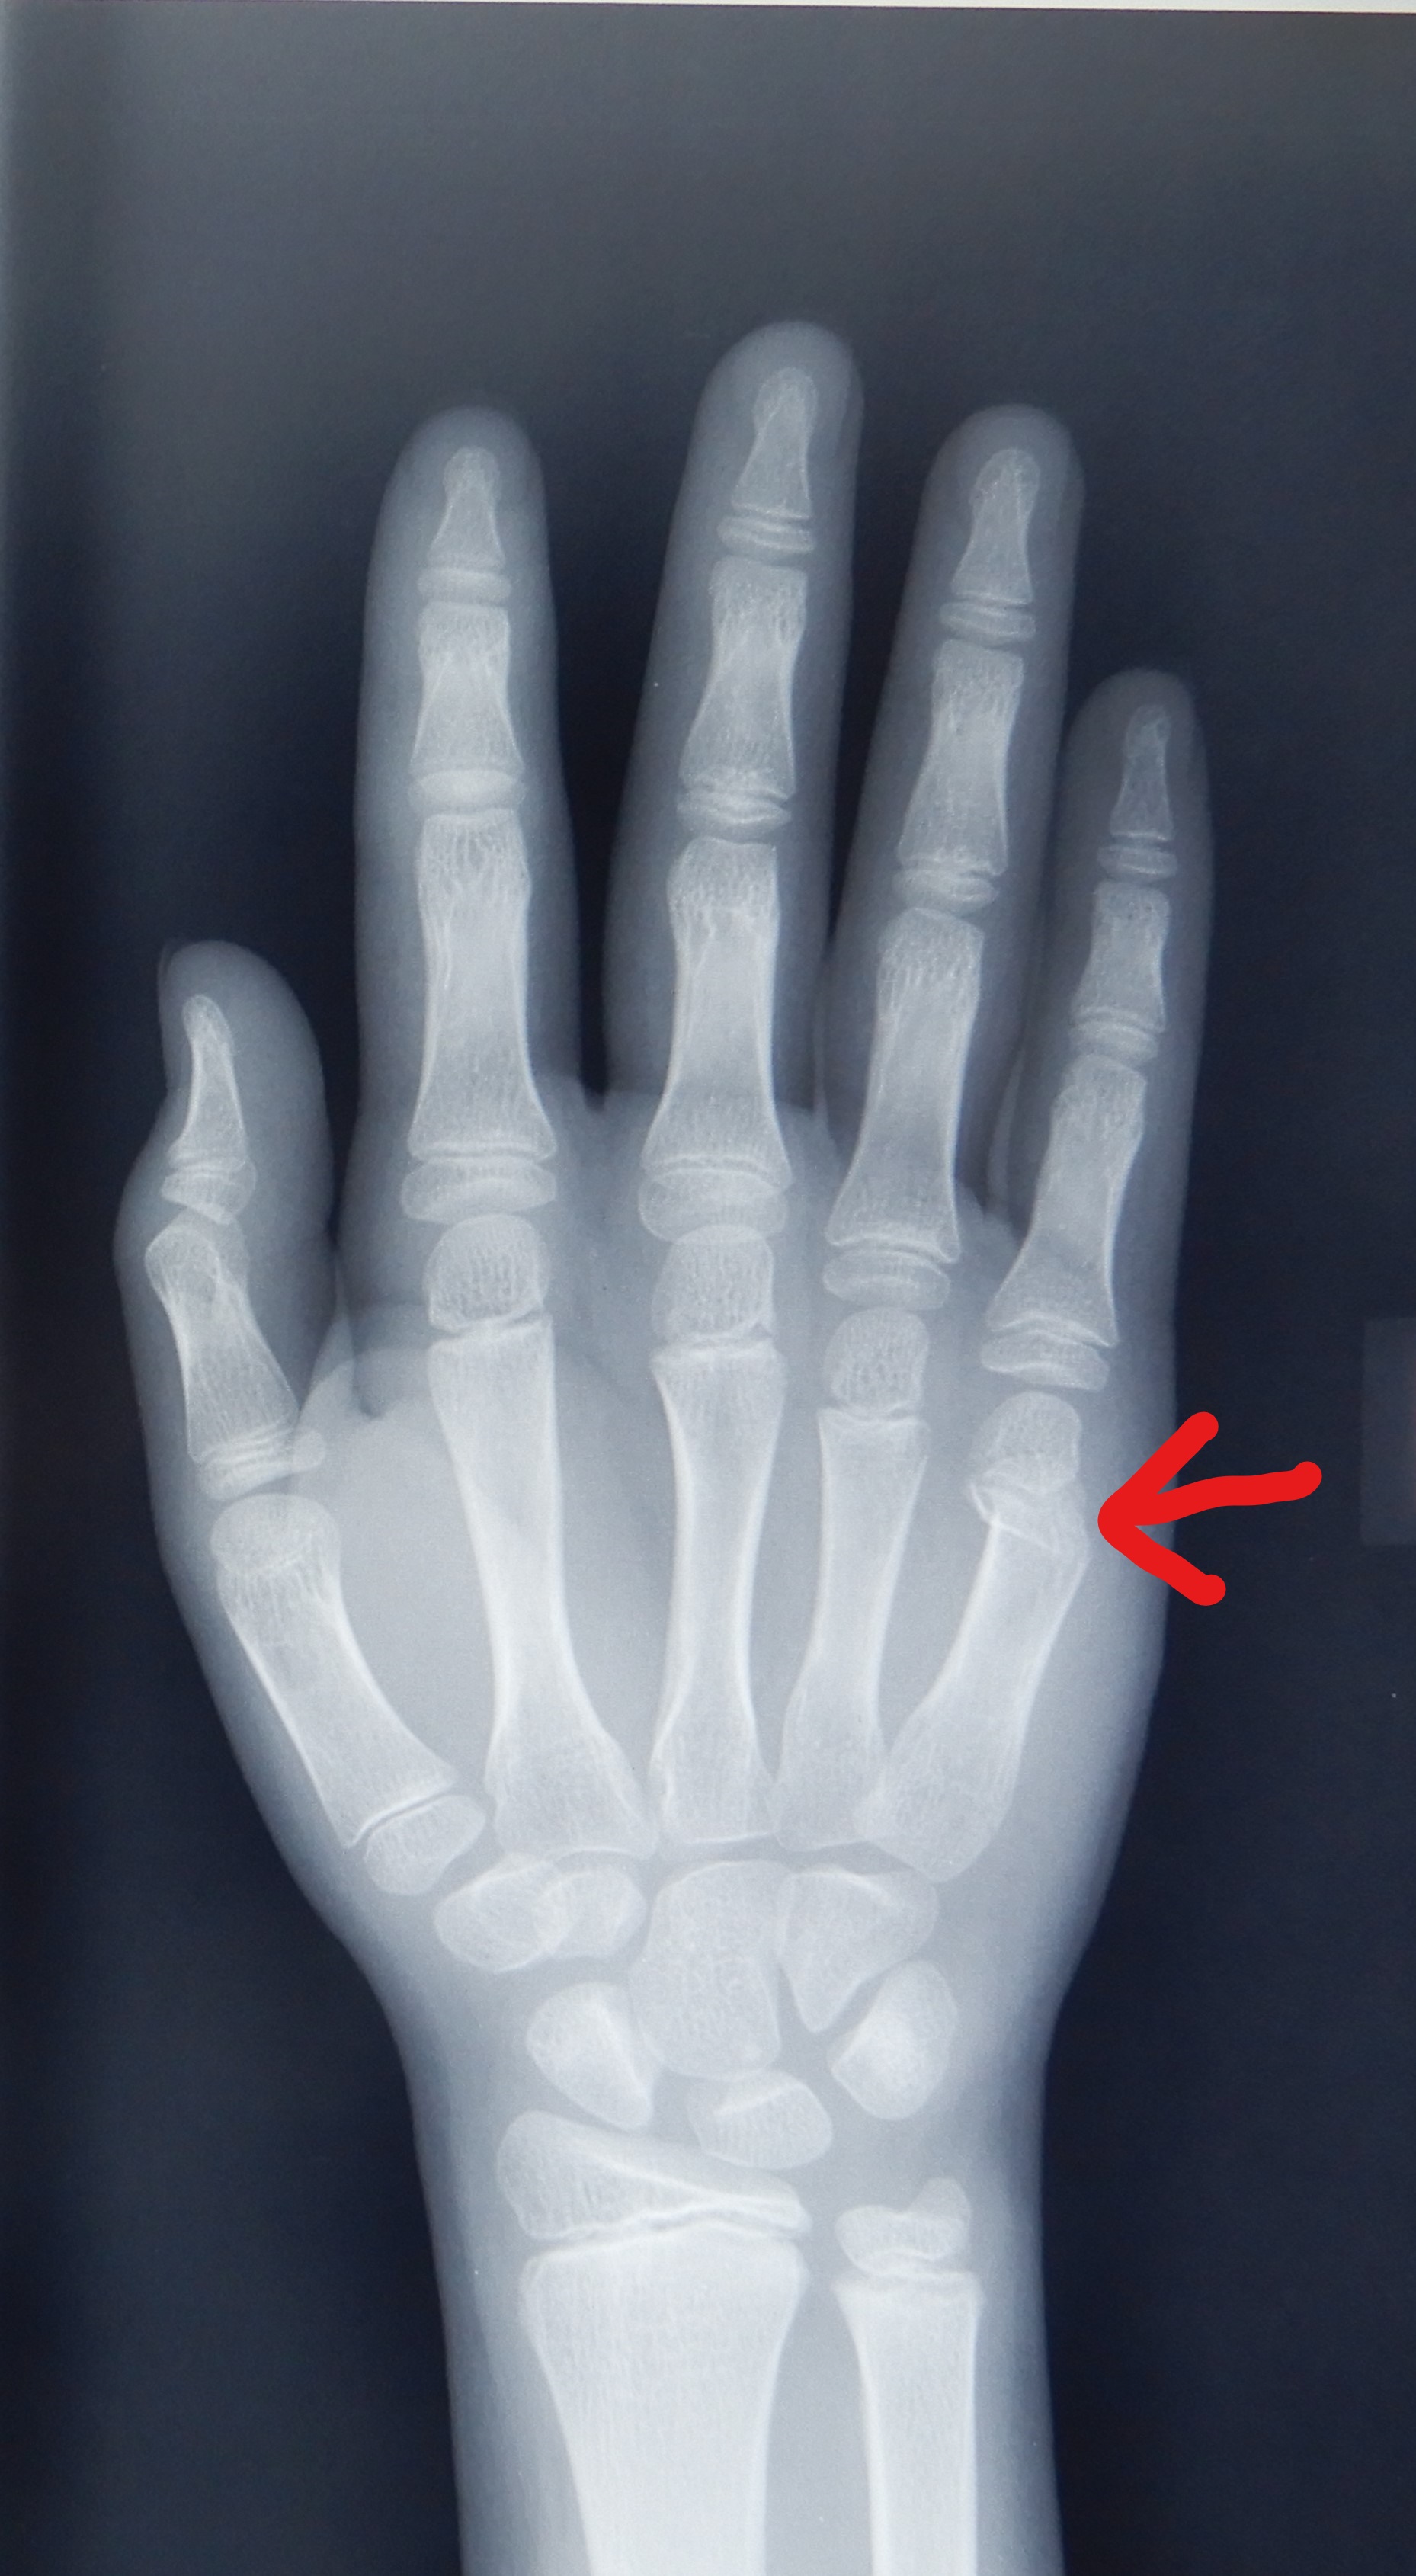 右手第四掌骨斜行性骨折，拍X片图（图片在百度相册）。寻求好的治疗方案。明天用，较急 急_百度知道
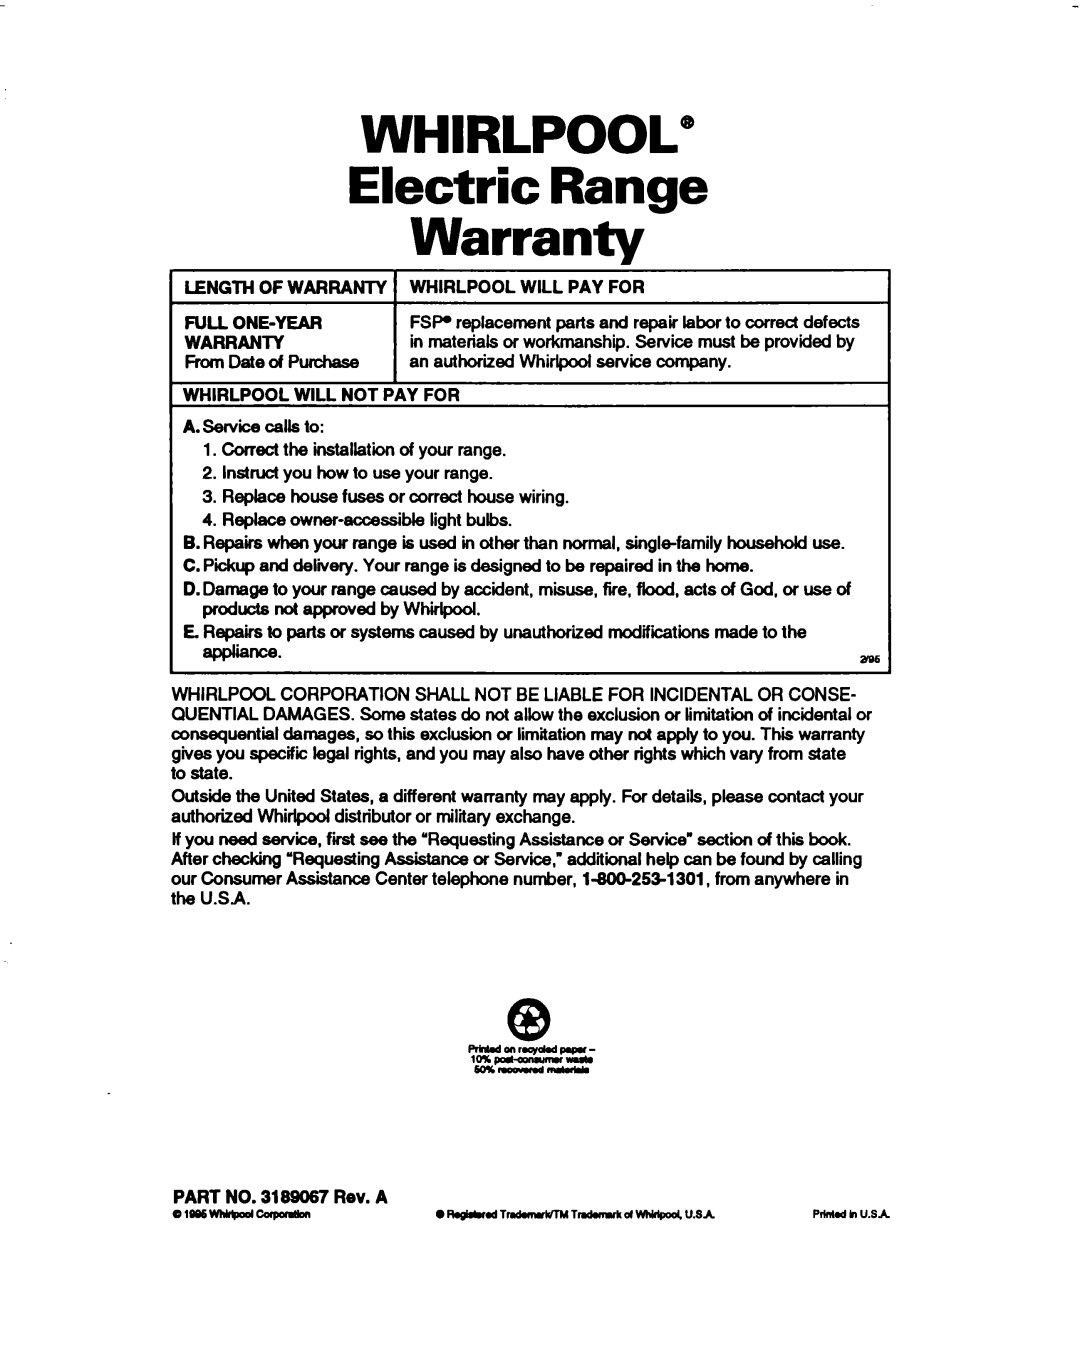 Whirlpool RF330PXD warranty WHIRLPOOL” Electric Range Warranty 
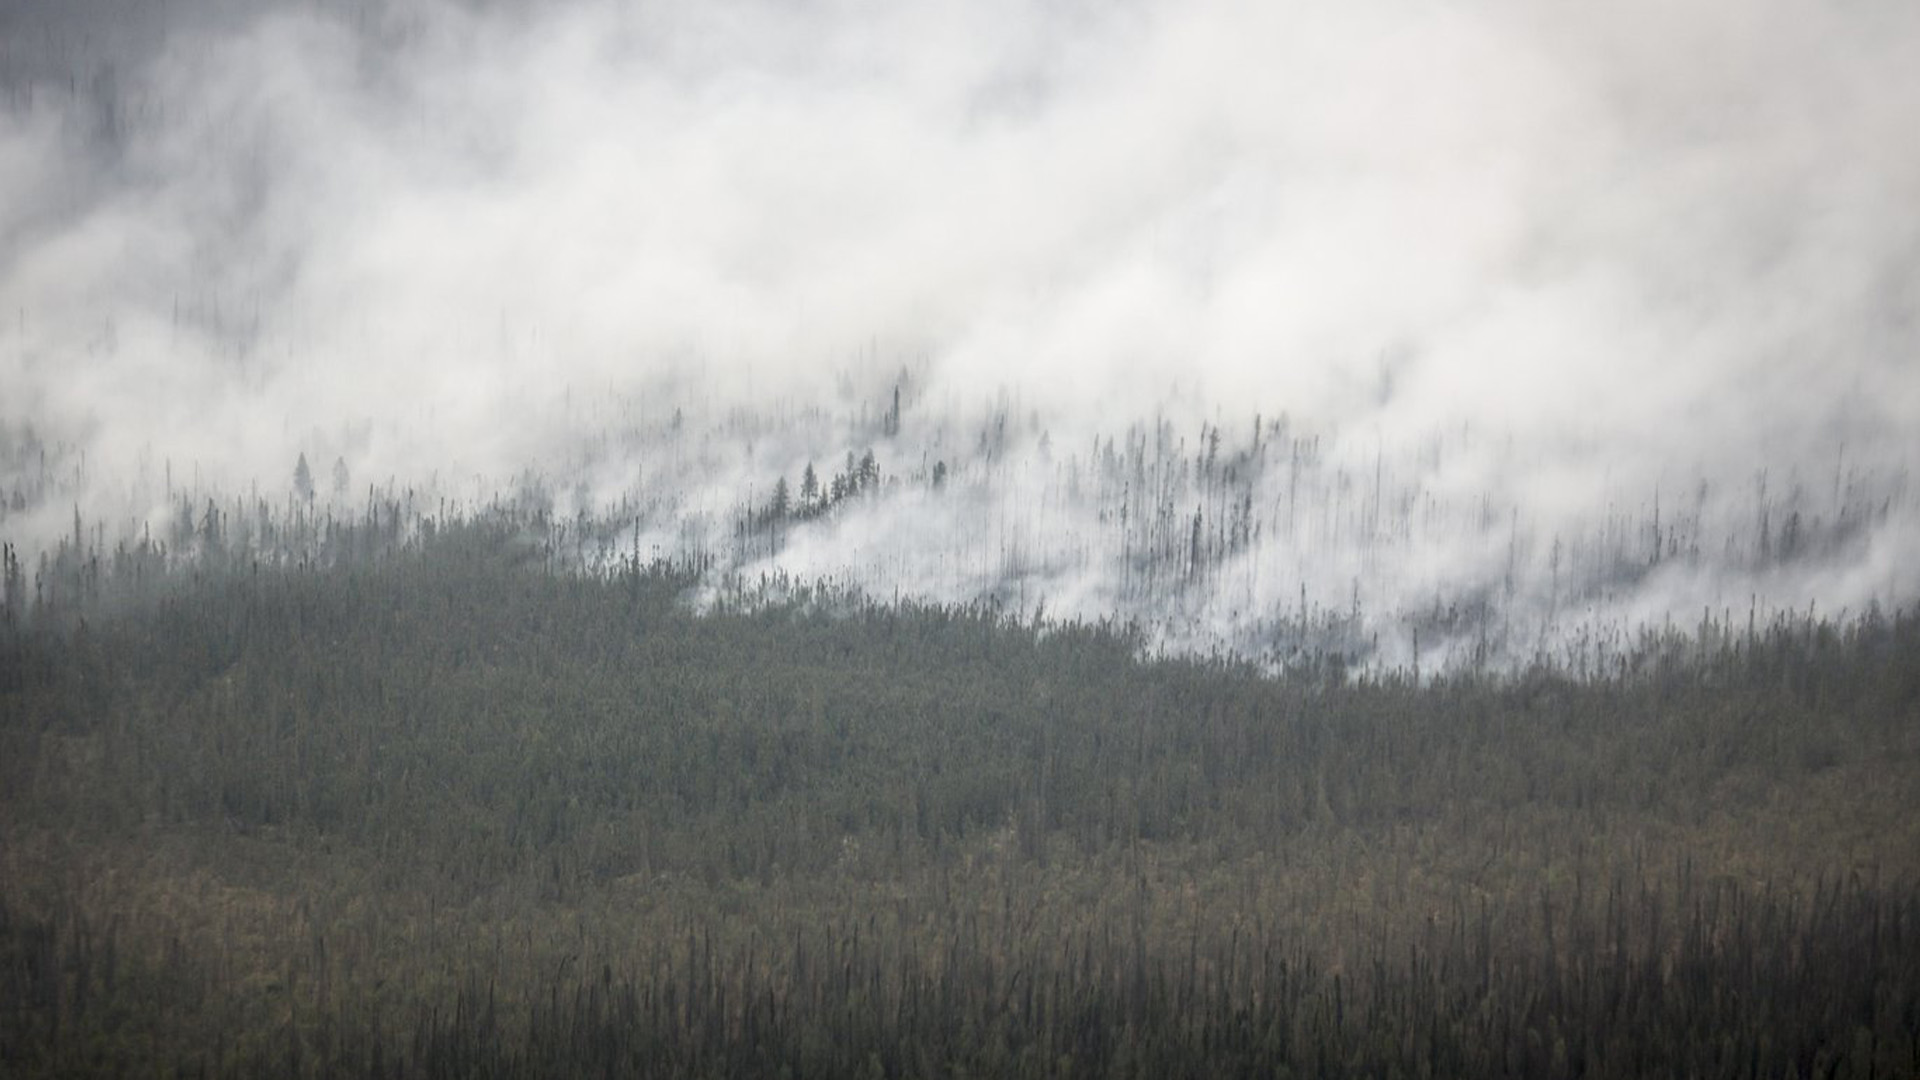 Un incendie de forêt brûle au sud d'Enterprise, dans les Territoires du Nord-Ouest, le jeudi 17 août 2023. Un responsable des incendies de forêt affirme que la ville de Hay River sera à risque au cours des prochains jours en raison de vents violents et de températures élevées qui rendront la situation dangereuse encore pire.

» **What is expected**: In copying the listing, reproduce each line exactly and omit the pictures.

» **Answer area**:
 右手第四掌骨斜行性骨折，拍X片图（图片在百度相册）。寻求好的治疗方案。明天用，较急 急_百度知道
 Whirlpool RF330PXD warranty WHIRLPOOL” Electric Range Warranty 
 Un incendie de forêt brûle au sud d'Enterprise, dans les Territoires du Nord-Ouest, le jeudi 17 août 2023. Un responsable des incendies de forêt affirme que la ville de Hay River sera à risque au cours des prochains jours en raison de vents violents et de températures élevées qui rendront la situation dangereuse encore pire.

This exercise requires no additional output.